Nirvana, aos 99 anos, mantém rotina para se manter ativa

Porém, o que se destaca na conversa com essa paulista de Tanabi é a ótima lembrança dos tempos que aqui chegou, em 1957, acompanhada do marido, Alcides Frias. E graças a essa memória ela faz revelações de fatos inéditos para a história de Brasília. Por exemplo, foi no Iate Clube de Brasília, clube que se tornou a extensão de seu lar, que surgiu a primeira quadra de tênis da nova Capital, inaugurada em 1960.

Ideia e ação

Alcides e Nirvana vieram para Brasília a convite de Bernardo Sayão, formado em Agronomia e Veterinária, conhecido como “Pau para toda obra” ou “Capitão Desbravador”, graças à sua capacidade de “resolver problemas”. Sayão foi o responsável pela abertura das primeiras estradas de acesso ao Distrito Federal. O casal estava em Ceres (GO), quando conheceu Bernardo Sayão. Fizeram amizade e, logo, veio o convite para que viessem para Brasília.

“Naqueles tempos, faltavam espaços para o lazer, em Brasília. Foi assim que Alcides, dono de um moinho de cal e cimento, levou adiante a ideia de construir uma quadra de tênis no Iate Clube, que estava sendo construído”, conta Nirvana.

O Iate Clube, o primeiro de clube social-esportivo de Brasília, foi fundado em 5 de abril de 1960, duas semanas antes da inauguração de Brasília.

A proposta de Alcides foi aceita pelo primeiro comodoro do clube, Geraldo Carneiro. Afinal, a cidade estava em construção e praticamente não tinha espaço para o lazer, afora o futebol jogado principalmente por times das construtoras da cidade. Dessa forma, para os associados do clube, quadras de tênis seriam ótima alternativa para a prática esportiva.
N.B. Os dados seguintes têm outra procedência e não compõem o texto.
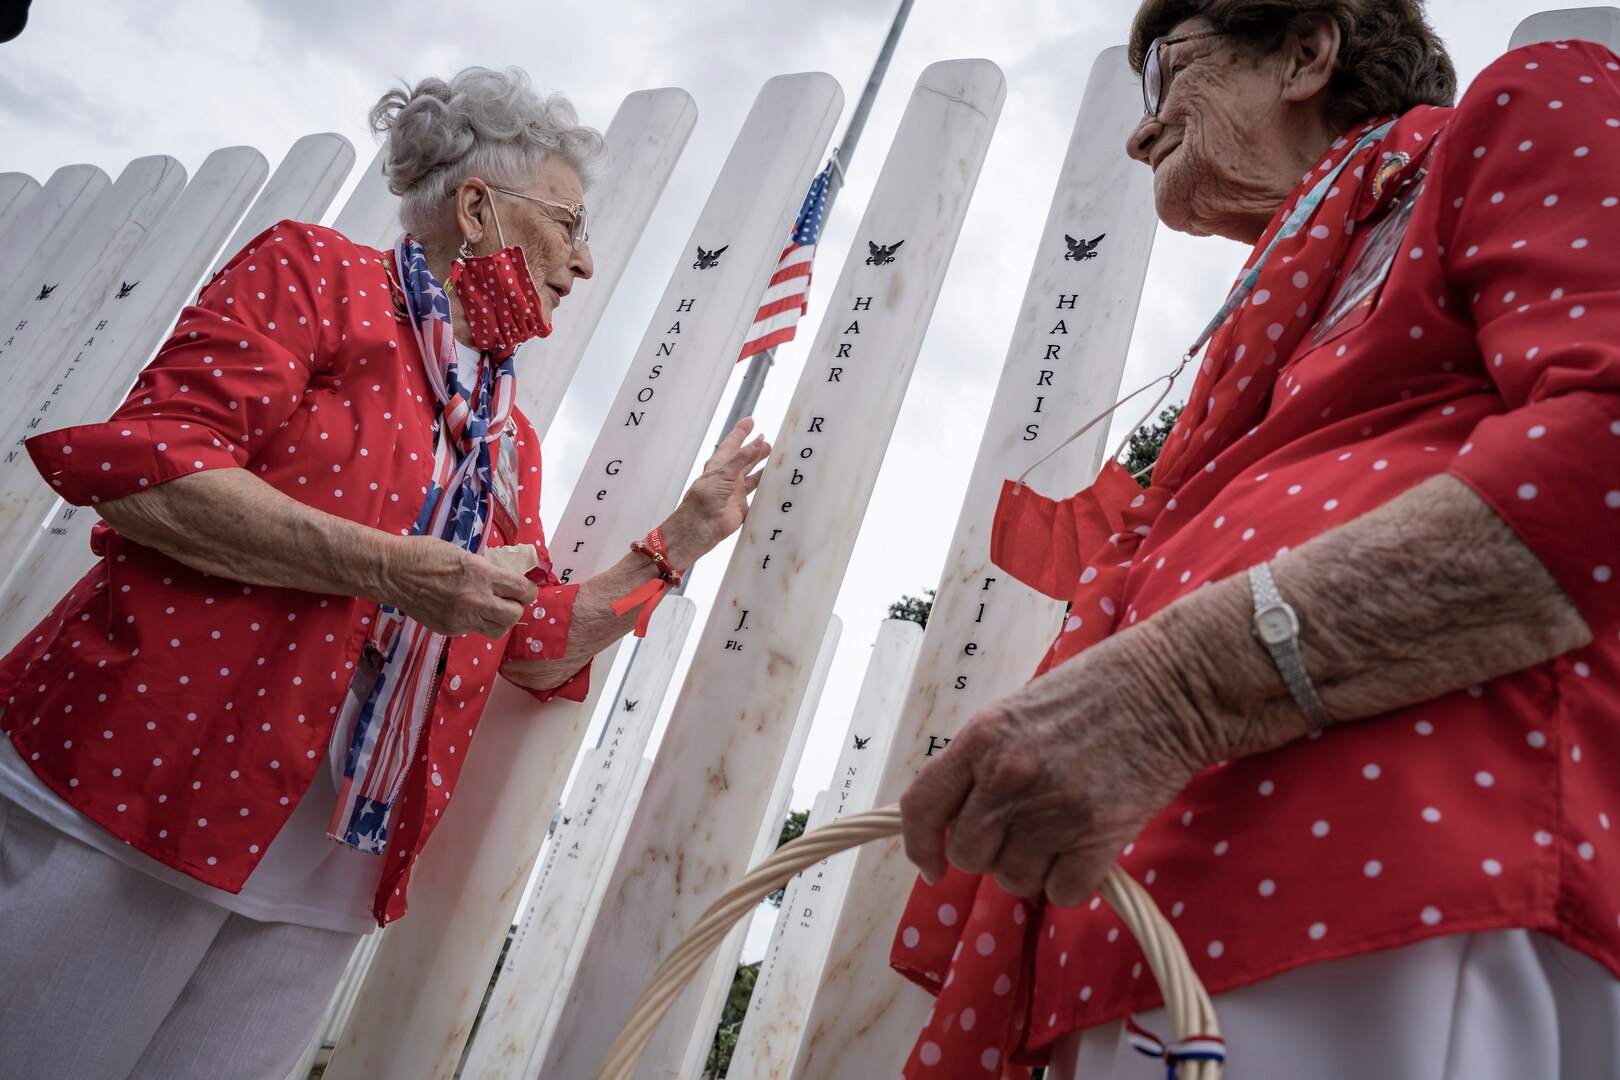 PEARL HARBOR, Hawaii (Dec. 7, 2021) - "Rosie" Mae Krier (left) and "Rosie" Marian Wynn place rose petals at the memorial marker of a close friend at the USS Oklahoma (BB-37) Memorial Ceremony. Wynn was a shipyard worker while Krier built B-17 and B-29 aircraft bombers during WWII. (U.S. Navy Photo by MC1 Jeffrey Hanshaw/Released).

O que hoje é uma iniciativa simples, era uma epopeia naquela época, quando a cidade era um grande canteiro de obras, não só com a construção de prédios da administração pública, do Legislativo e do Judiciário, como a abertura de ruas e avenidas do premiado projeto urbanístico de Lúcio Costa.

Enfim, a proposta das quadras evoluiu e se revela, hoje, um marco para a história do esporte da ainda jovem capital:

A quadra de tênis construída no Iate Clube foi a primeira dessa modalidade em Brasília

O projeto

A proposta de Alcides Frias logo recebeu o apoio de Sylvio Pedroza e do gaúcho Montory Marques Mury, que aqui moravam e, também, jogavam tênis.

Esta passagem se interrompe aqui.